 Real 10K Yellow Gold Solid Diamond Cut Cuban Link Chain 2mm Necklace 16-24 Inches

* * *

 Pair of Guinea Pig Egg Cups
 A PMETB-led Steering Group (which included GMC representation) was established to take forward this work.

## To do
All lines above between those holding "Pair of Guinea Pig Egg Cups" and "A PMETB-led Steering", inclusive, must be set down unchanged, and no other line may be included.

## Answer space
 Pair of Guinea Pig Egg Cups
 A PMETB-led Steering Group (which included GMC representation) was established to take forward this work.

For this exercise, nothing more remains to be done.